Palmer came to Boston in 1997 to study at New England Conservatory,  and now teaches down the street at Berklee College of Music. This weekend, Palmer brings his chordless quartet to New York for a live recording of brand new music and previously unrecorded compositions. We caught up with Jason to discuss his work ethic, a moment with Wayne Shorter he’s never forgotten, and the case for leaving space.

The Jazz Gallery: I can barely keep track of how many records you’ve put out as a leader. What’s the current total?

Jason Palmer: I’ve kind of lost track over the years. I have one coming out this month, and I had one come out last month. I did a double live disc at Wally’s, so I think it’s eight. I got two in the can.

TJG: Your rate of releasing album-length material is rigorous. Over the years, you’ve released many inspired recordings including your interpretations of Minnie Riperton’s music and more recently Janelle Monáe’s. Has that degree of output always come naturally to you? Do you ever struggle with the pressure of releasing new music, particularly in the age of streaming?

JP: The whole streaming thing hasn’t really bothered me as much as I think it should. I try not to worry too much; I try to focus more on putting work out there to hopefully inspire people. I don’t necessarily think of it as a revenue generating endeavor as much as other projects that I do—teaching and composing and commissions.

So yes, it’s been easy for me because I’ve written a lot of material I haven’t had a chance to record and put out. I probably have a waiting list of about 100 tunes that I want to eventually record and put out there. And it’s a great opportunity to do it next week [at the Gallery], which is going to be a mix of old tunes I’ve written but haven’t recorded, and I recently composed a set of original music that we’re going to do, as well. I think we’re going to have enough to do a double disc.
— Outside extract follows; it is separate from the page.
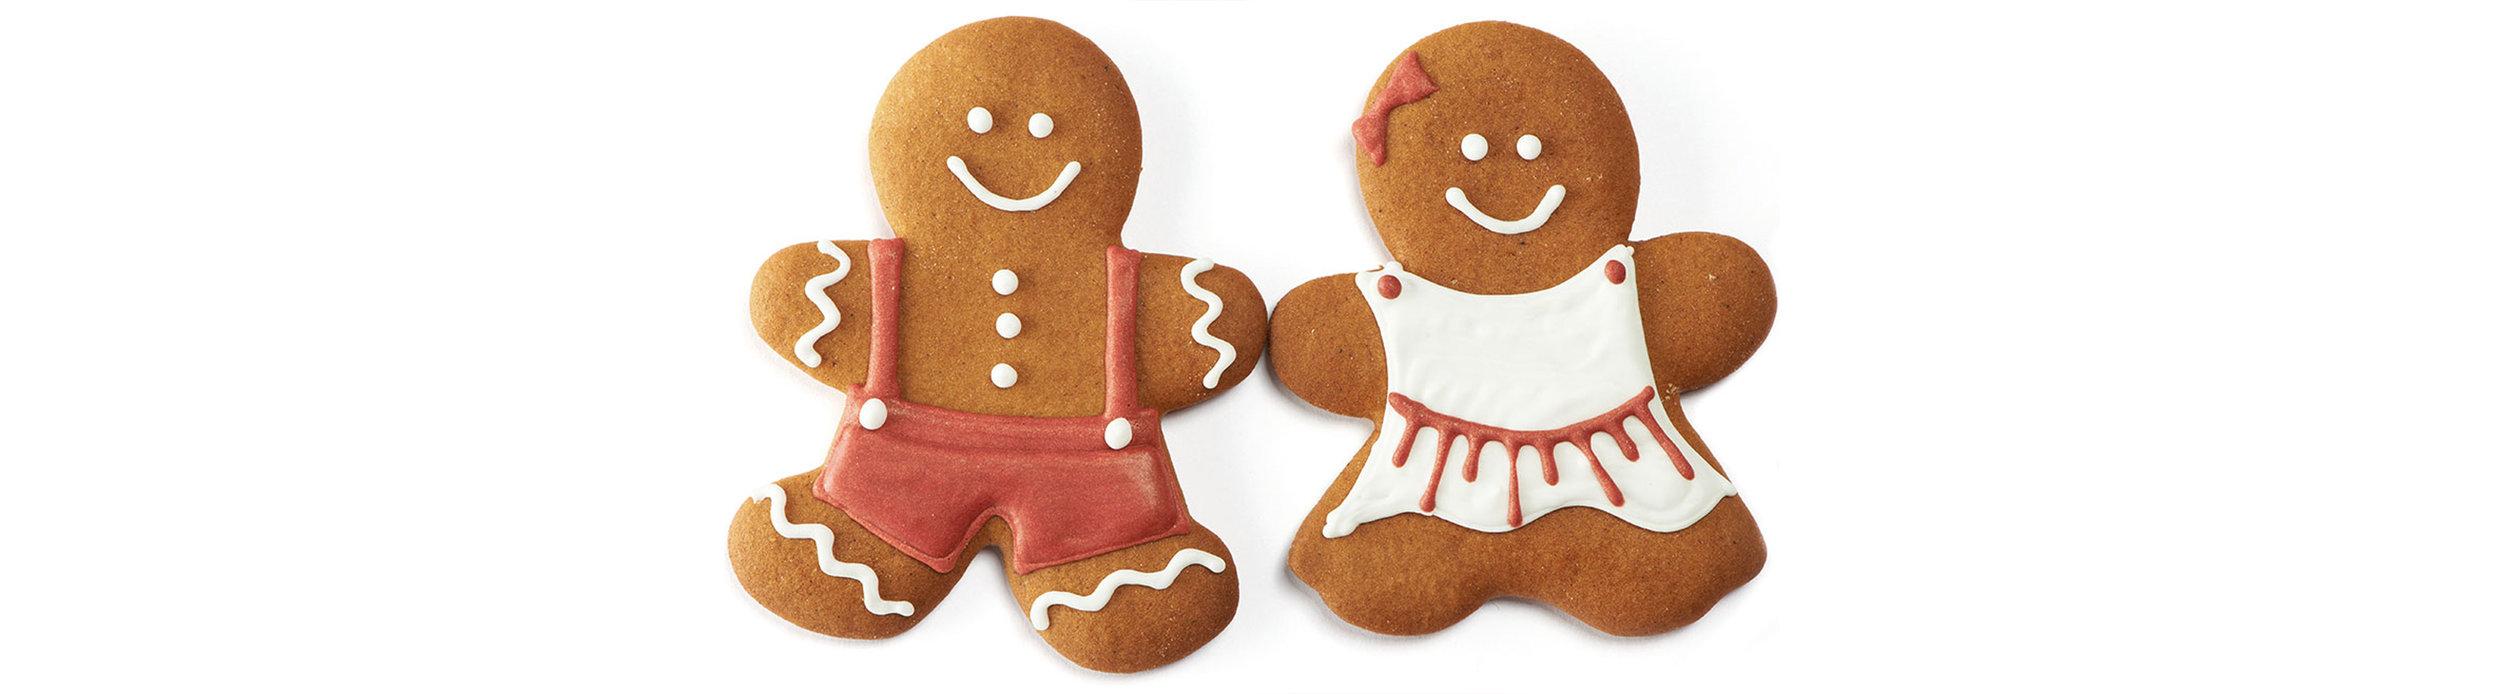 2-gingerbread.jpg

If all goes well, we’ll have enough takes between the four sets on Friday and Saturday.

TJG: Because you don’t put that revenue-driven pressure on yourself to put out these records, I wonder if that helps the process remain natural for you, year to year.
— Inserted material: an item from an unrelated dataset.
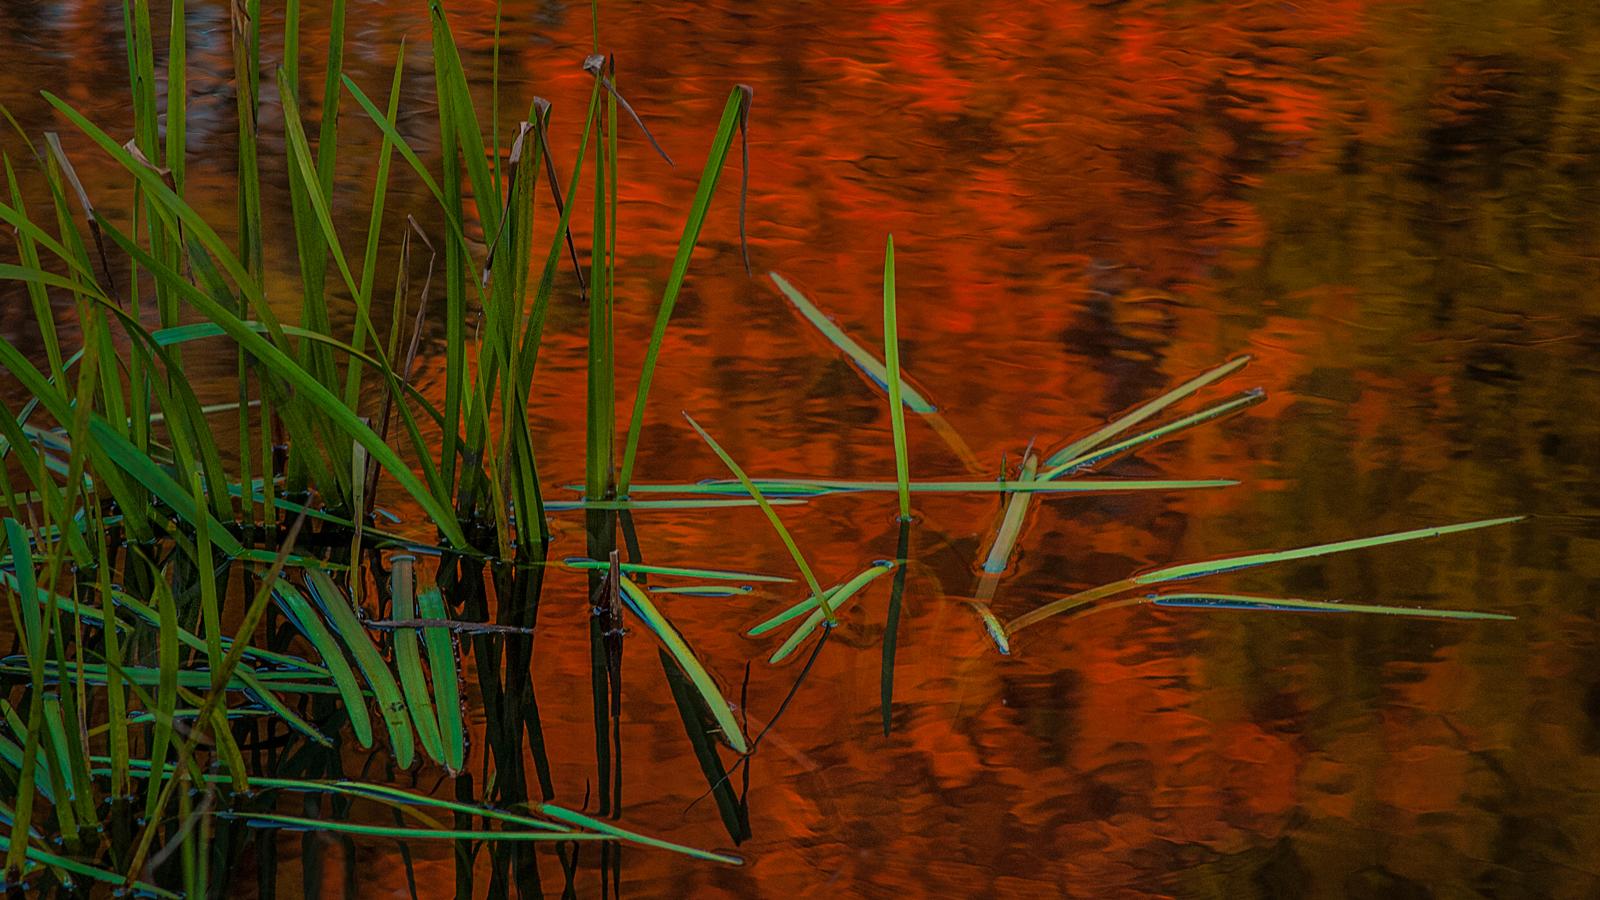 Duke Pottery pond grass

JP: Yes, and I’m lucky because I’ve been working with Steeplechase for six or seven, maybe eight albums. I have one in the can for them now; we did the music of Anita Baker. I recorded that back in December. And my agreement with them is that I can release one record every year. This year I happened to be able to put out two. So they offer me that commercial platform, and I’m sure if I didn’t have them, I would do it independently, which is what I’m going to do with the new record that’s going to be live at the Gallery.